Mardi, Stéphanie a expliqué dans une vidéo intitulée "Balance ton sénateur" avoir reçu des menaces à caractère sexiste de la part de Julien Uyttendaele, sénateur bruxellois. “J’ai partagé des vidéos qu'il a filmé lui-même à l'événement 'Wolf', un événement qui a dégénéré. Pourquoi est-ce qu'un député partage ça en fait?" se demande Stéphanie. "Une heure après il aurait publié un démenti. Ok. Ce qui s'est passé c'est que j'ai été menacée, harcelée, humiliée avec chantage, et j’ai eu des insultes sexistes aussi. Le lendemain, il m’a envoyé des messages, de nombreux et interminables messages pour m'obliger à effacer mon contenu et à publier un démenti”, explique la jeune femme qui appuie ses propos par des captures des messages privés vraisemblablement envoyés par le sénateur socialiste. Précisons également que Julien Uyttendaele n'a à aucun moment participé à cette 'lockdown party' : il a partagé son post pour, justement, condamner de tels agissements. Il semble donc y avoir eu méprise de première intention dans le chef de Stéphanie Daria H.

Ce qui ne justifie pas la nature tous les échanges qui vont suivre... "Si ce n'est pas rapidement fait, je devrai prendre d’autres types de mesures”, prévient le socialiste à qui Stéphanie explique ne pas avoir répondu, même si cette dernière s'est exécutée et a supprimé chacune de ses publications. Sauf qu'à la fin des messages, et devant la non-réaction de son interlocutrice à publier un démenti plus formel, Julien Uyttendaele aurait proféré des propos à caractère sexiste comme l'indique l'influenceuse qui dévoile également une capture d'écran du message. “A la fin de son long monologue, il a écrit ceci: prochaine fois, limite-toi à parler de tes ongles en gel et de tes produits démêlants, tu commettras moins d’erreurs.”

Des propos auxquels l'influenceuse tenait à réagir, en se servant de la caisse de résonance des réseaux sociaux. “C’est très clair, c’est une insulte sexiste. Je suis une femme donc je n’ai pas droit à la parole, je n’ai pas le droit de penser. Cela signifie que, de facto, je suis bête.
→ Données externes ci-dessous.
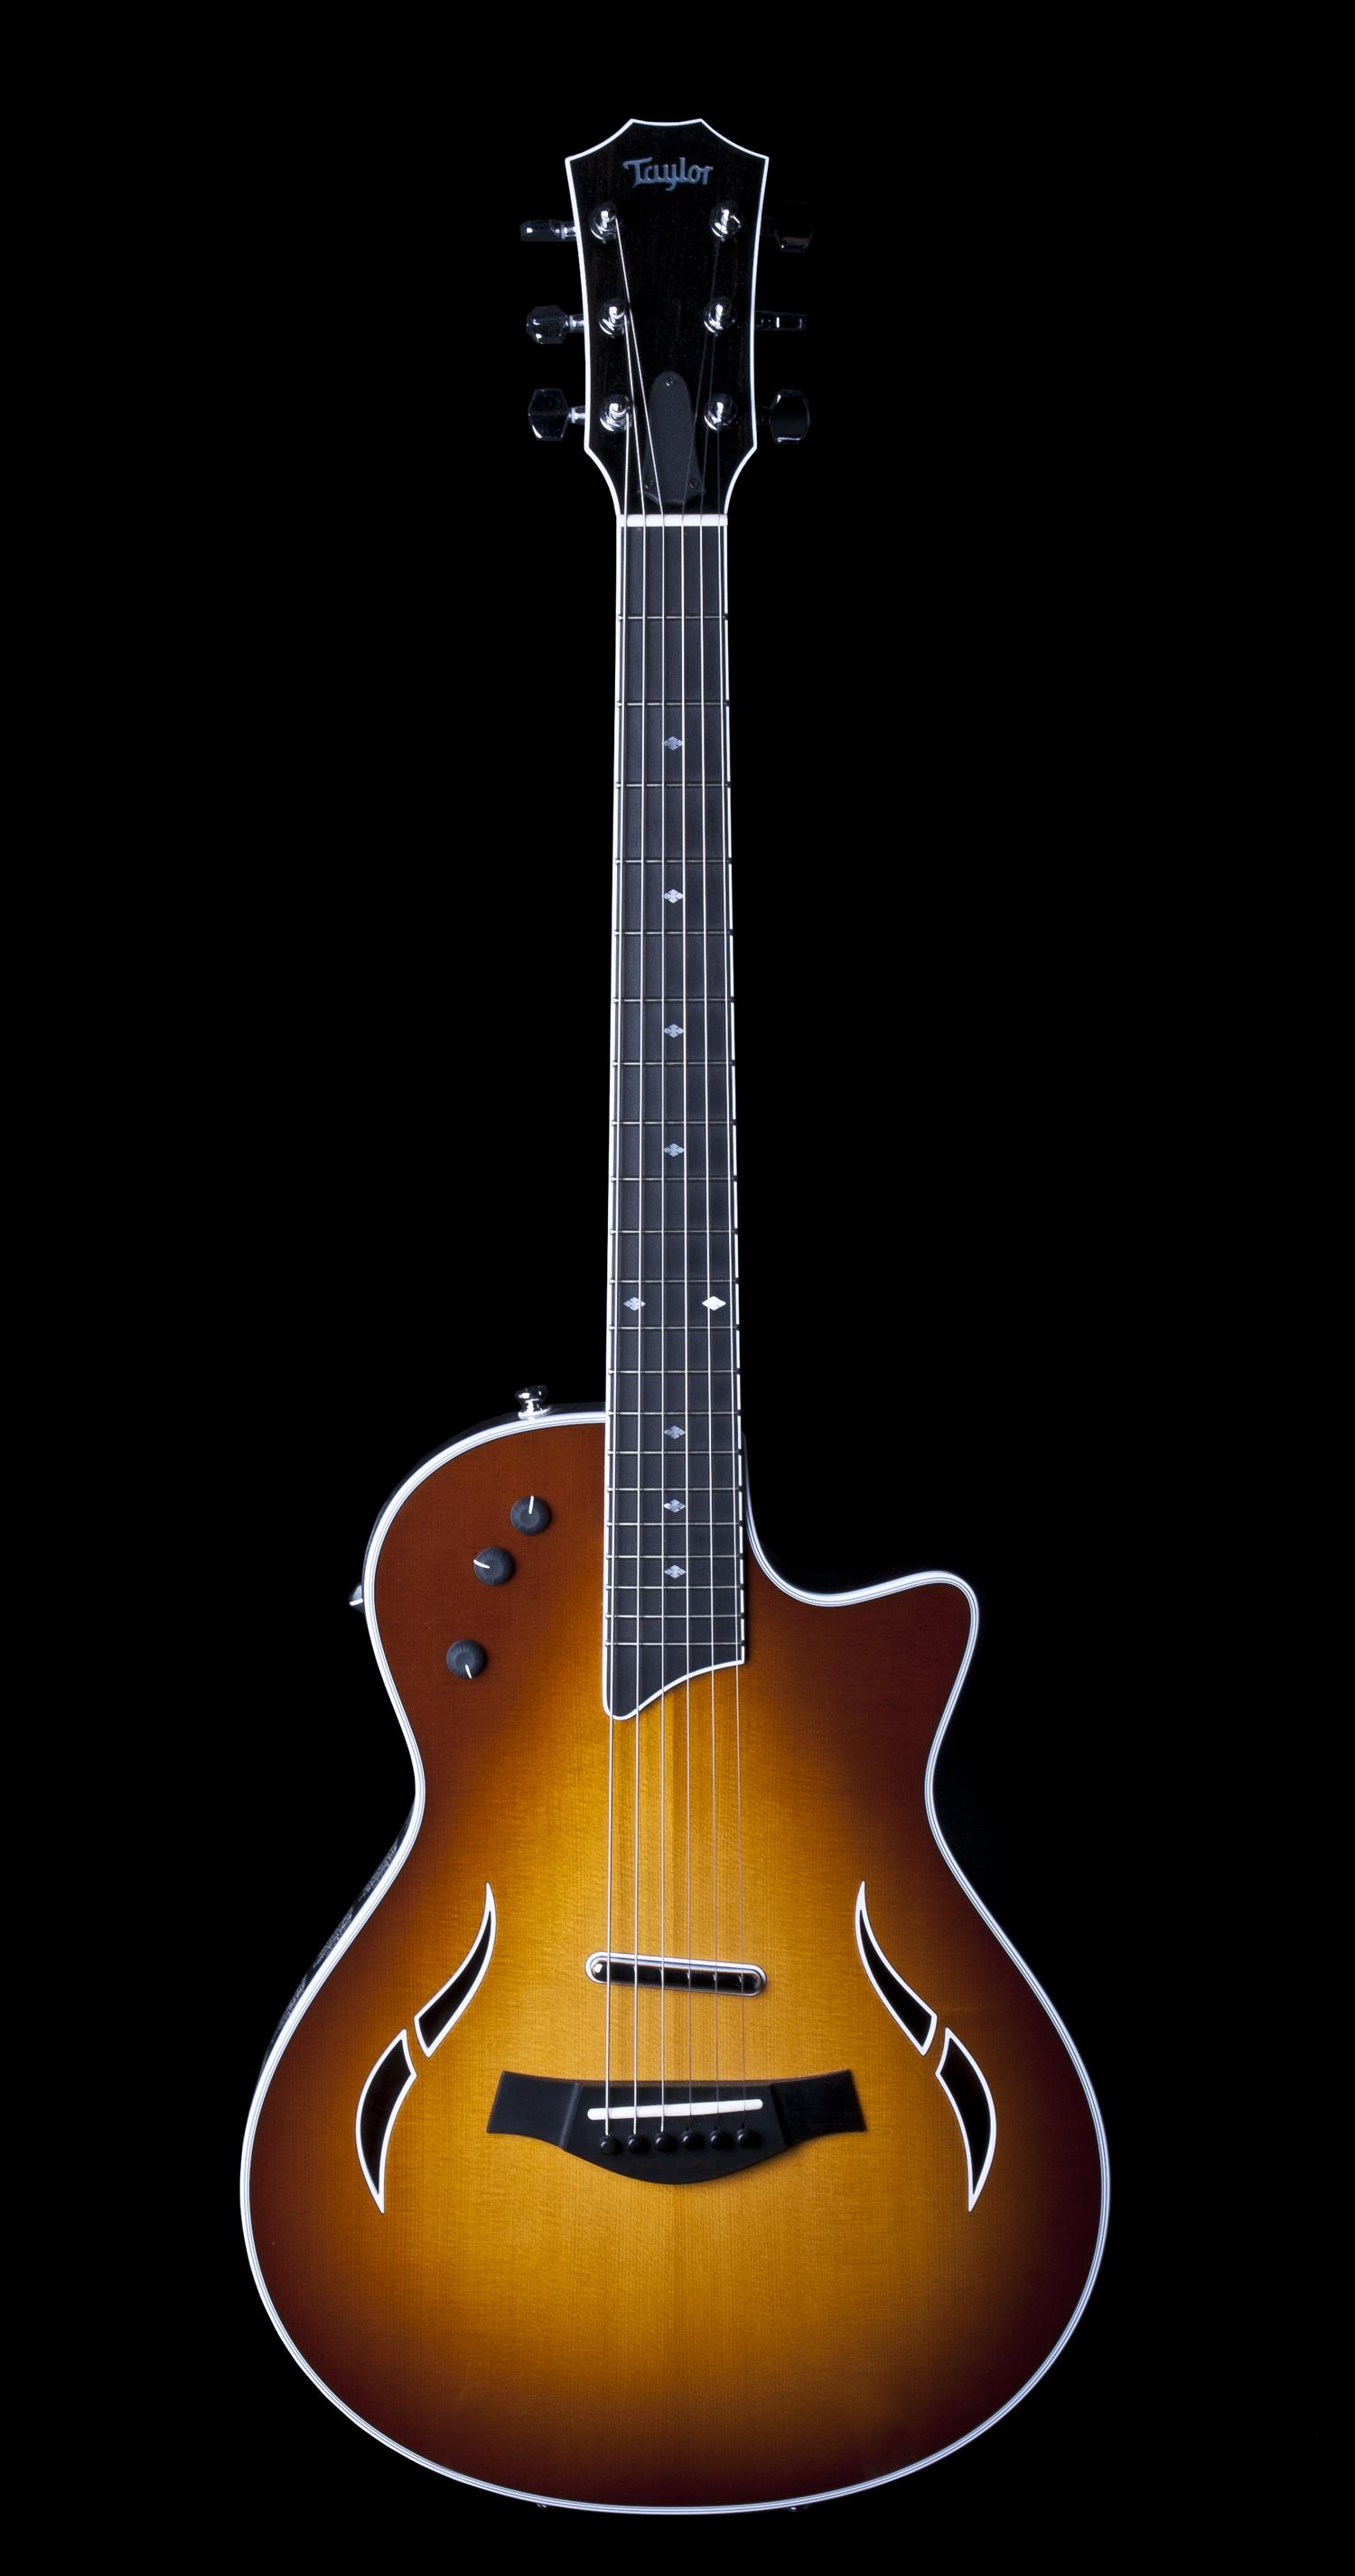 taylor t5 standard thinline acoustic electric guitar in. Black Bedroom Furniture Sets. Home Design Ideas

Or, la liberté d’expression est un droit, critiquer le gouvernement aussi”, souligne-t-elle avant de mettre en avant une publication de Julien Uyttendaele datant de novembre 2019 et dans laquelle on peut le voir soutenir la lutte contre les violences faites aux femmes. “Comment un politique peut-il proférer des menaces, faire du chantage et être sexiste aujourd’hui?”.


"Il n’y avait strictement aucune intention sexiste", affirme Julien Uyttendaele 

Interrogé par 7sur7, le sénateur bruxellois estime que c'est polémique est "un feu de paille" mais il reconnait avoir envoyé les messages montrés par Stéphanie tout en démentant avoir participé à une lockdown party, que du contraire. “Elle a publié des stories diffamatoires à mon égard en indiquant que je soutenais une sorte de lockdown party dans le centre-ville alors que justement, je la condamnais sur Instagram. Elle a totalement modifié le contexte de cette vidéo pour me faire dire l’inverse de mes propos. J’ai publié une vidéo d’une brocante qui a dérapé en soirée dansante, suivi d’un texte dénonçant le deux poids deux mesures avec le secteur culturel. Je lui ai donc demandé de publier un démenti. Elle n’a pas accédé à cette demande. Voyant qu’elle postait une story sur l’entretien de ses ongles, je l’ai en effet invitée à s’en préoccuper, plutôt que de commettre des erreurs pareilles. Elle aurait publié une vidéo d’elle sur un terrain de foot, je lui aurais proposé d’aller faire des jongles dans le jardin. Il n’y avait strictement aucune intention sexiste dans les propos que j’ai tenus. Chacun peut évidemment s’exprimer sur des sujets politiques, mais avec rigueur et objectivité”, a réagi Julien Uyttendaele.